As time wore on, however, this allowance wore thin. Some began to suspect that silence itself was a part of the strategy. 

The government, critics charged, was not dragging its feet so much as biding its time, waiting until the last possible minute to introduce new legislation and create an eleventh-hour scenario that would deter dissent by creating a situation wherein anyone associated with its expression might run the risk of being seen as sympathizing with the five men being held, or worse still, being responsible for setting them free. 

Whether or not this allegation is true, the fact remains that by the time Bill C-3 reached the Senate, the court's grace period had very nearly expired. Faced with a do-or-die situation, those in the upper chamber saw fit to forfeit a full interrogation of the new law in the name of a higher duty. 

Normally, this kind of legislation would receive at least four weeks of Senate hearings. Bill C-3 was dealt with in a single 10-hour session. In the end, the Senate's decision contrasted sharply with the submissions made by the hastily-compiled group of witnesses, the vast majority of whom expressed serious misgivings with both the bill's content and the truncated legislative process that produced it. 

Indeed, the only submission to the Senate in support of the bill came from the public safety minister himself. 

The new security certificates law was so expertly manoeuvred through the system that it largely escaped both Scylla of public scrutiny and the Charybdis of democratic dissent. 

So Canada now has a new security certificate process, but at what cost? 

One obvious price is confidence in the fairness and probity of the new process.

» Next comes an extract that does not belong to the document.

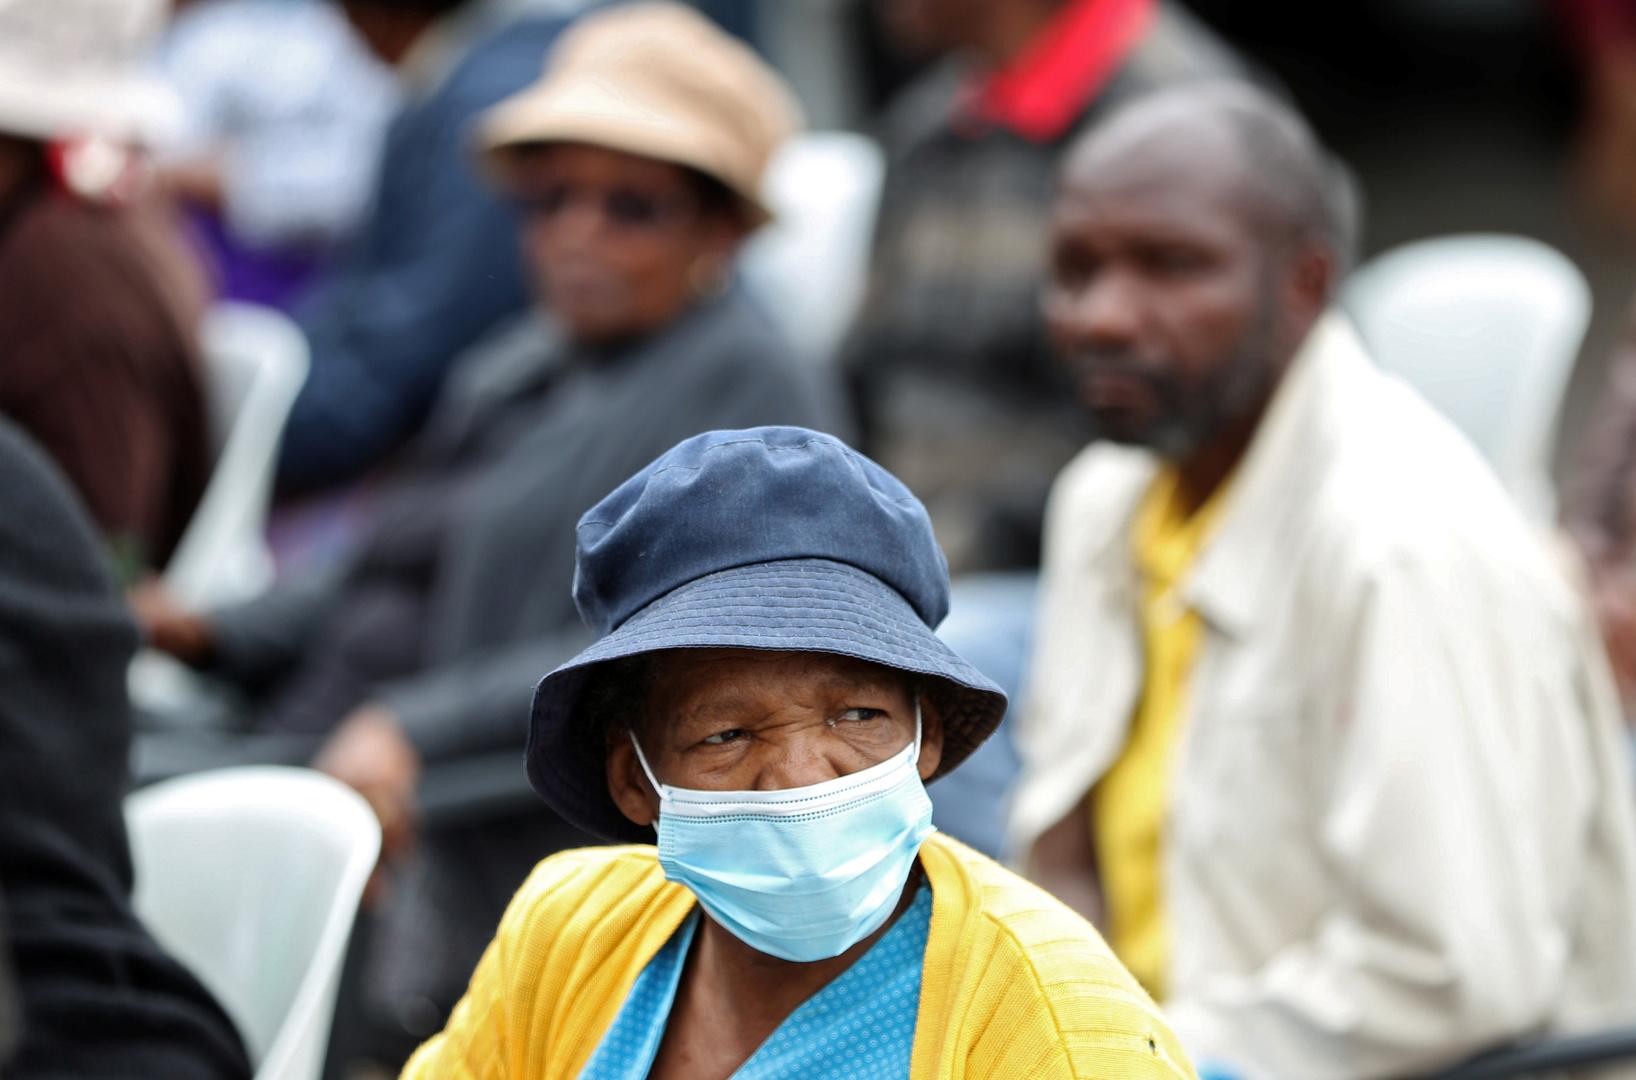 الكشف عن نوايا فرنسية لتجربة لقاح ضد كورونا في إفريقيا يثير جدلا

The new approach is based heavily on the British SIAC model despite expert testimony favouring Canada's SIRC system. 

It places limits on contact between the advocate and the individual subject to a certificate once the advocate has had access to secret information. 

This will make it difficult to seek simple but potentially important clarifications from the named individual. 

Additionally, while the SIRC model immediately grants counsel access to the full dossier of government information except cabinet confidences, the new Canadian model merely allows an advocate to ask that certain data be made available. 

This means that advocates will have to engage in fishing expeditions to get material that is not introduced by the government but might be of value to the case. 

It seems only a matter of time before the special advocate system is challenged before the Supreme Court. 

A second cost lies in the missed opportunity for broad participation in both debate and problem solving. 

At every stage in the legislative process, the government was presented with detailed and reasoned criticism of its proposal; and, at every stage, meaningful debate and the opportunity to revise and strengthen the bill was short-circuited by assertions that that hesitation would endanger Canada's national security. 

Even if the security certificate system is procedurally fair, its intended outcome is still deportation. In each of the five existing cases, this would involve returning an individual to a state known to engage in torture, contravening Canada's international obligations. 

What can we learn from the delayed tabling of C-3 and how it was rammed through Parliament? Not much that is particularly novel or even profound. 

Canadian democracy is still highly susceptible to the politics of fear. The spectre of complacency in the face of an unspecified terrorist threat can be leveraged to tilt the field in favour of fear and push aside major reservations and misgivings. 

And, perhaps, that the façade of urgency can be fabricated as a matter of stratagem, for there is nothing so unifying as the illusion of exigency and the fiction of a heroic, come-from-behind, saves-the-day effort in the name of securing the country. 

Wade Deisman is director of the Ottawa-based National Security Working Group and has taught courses on terrorism, law and policing at the University of Ottawa. Mike Larsen is a PhD candidate in sociology at York University, and a researcher at the York Centre for International and Security Studies.